On the way to see Charles Ross’s first solo show in Los Angeles, I drove past one of the city’s many parks. There were shirtless men running, families strolling, and sunbathers lying on the grass—a picnic or a joint (or both!) near at hand. This scene provided a strangely apropos lead-in to the artist’s body of work, which, while abjuring any recreational activities under the sun, makes much of the science of sunlight.

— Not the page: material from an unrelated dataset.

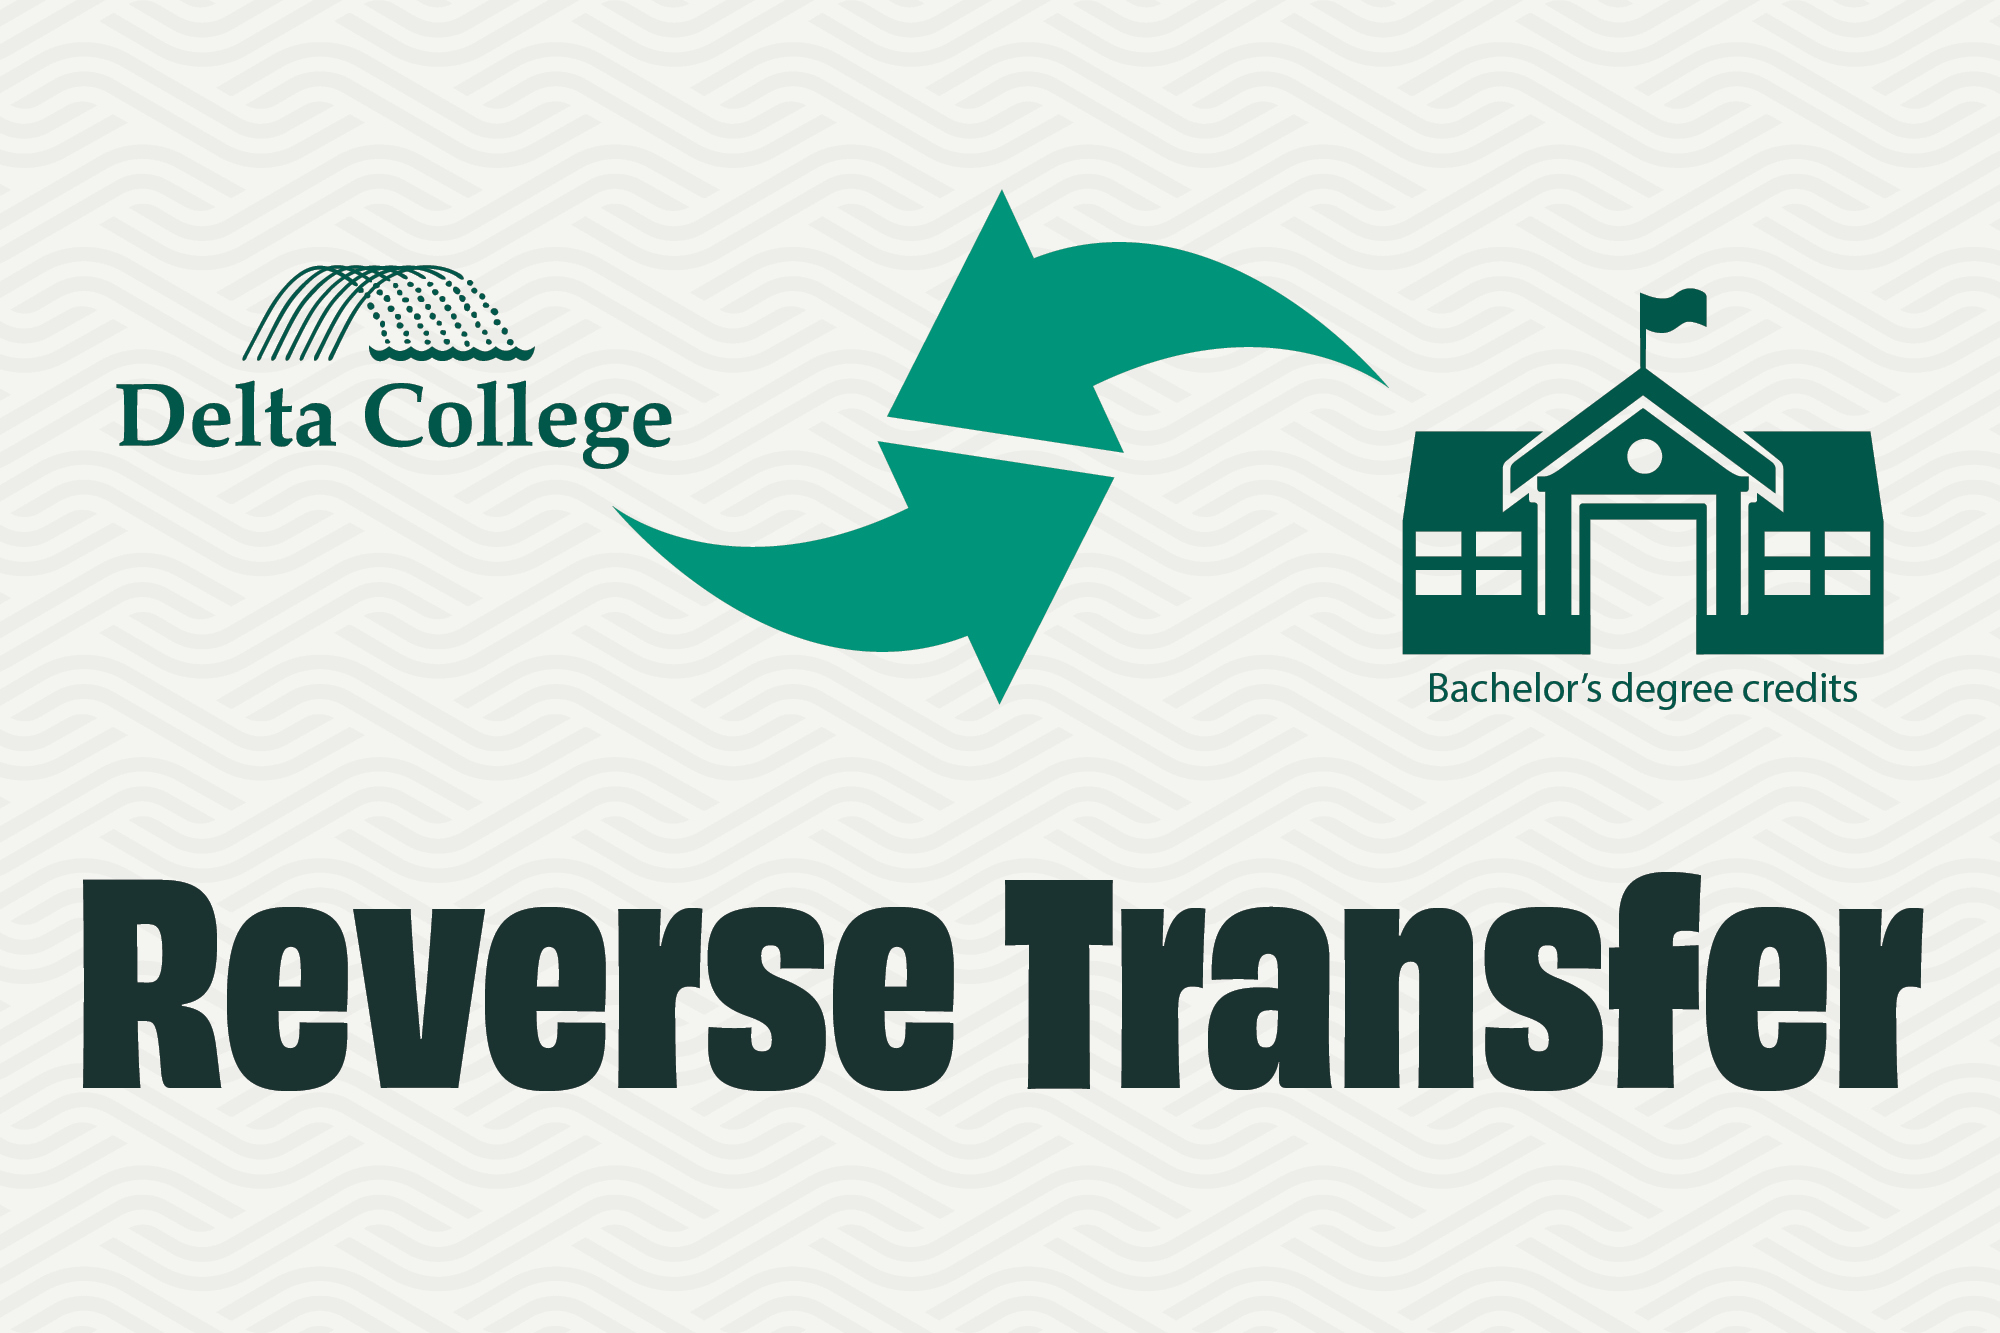 Reverse transfer your credits from your bachelor's degree program back to Delta College to earn your associate's degree

Almost half the works that make up this exhibition are from Ross’s long-running series “Solar Burns,” 1971–. These drawings—Ross has referred to them as “portraits of light”—index the changing conditions of sunlight via a magnifying device that burns a path onto prepared wooden panels. While the burns mark time (137 Burns by Minutes Through Seconds to Null, 2015) and cosmological events (HSSB [Human Size Solar Burn] 6/21/16, Summer Solstice, 2016), Ross’s “Explosion Drawings,” 1980–, depict the schematic operations of varying sources of light, akin to something you might see in a physics textbook. But these works, completed by using dynamite, fuses, and a rainbow of colored pigments, appear more exuberant than didactic. Spooky Action at a Distance III, 2016, represents luminescent waves entering and being refracted through a broad circle. A smaller, darker, eclipse-like form in the bottom-right corner of the drawing counterbalances the otherwise colorful work, providing a much-needed visual corrective to the sun worshippers at play only blocks away.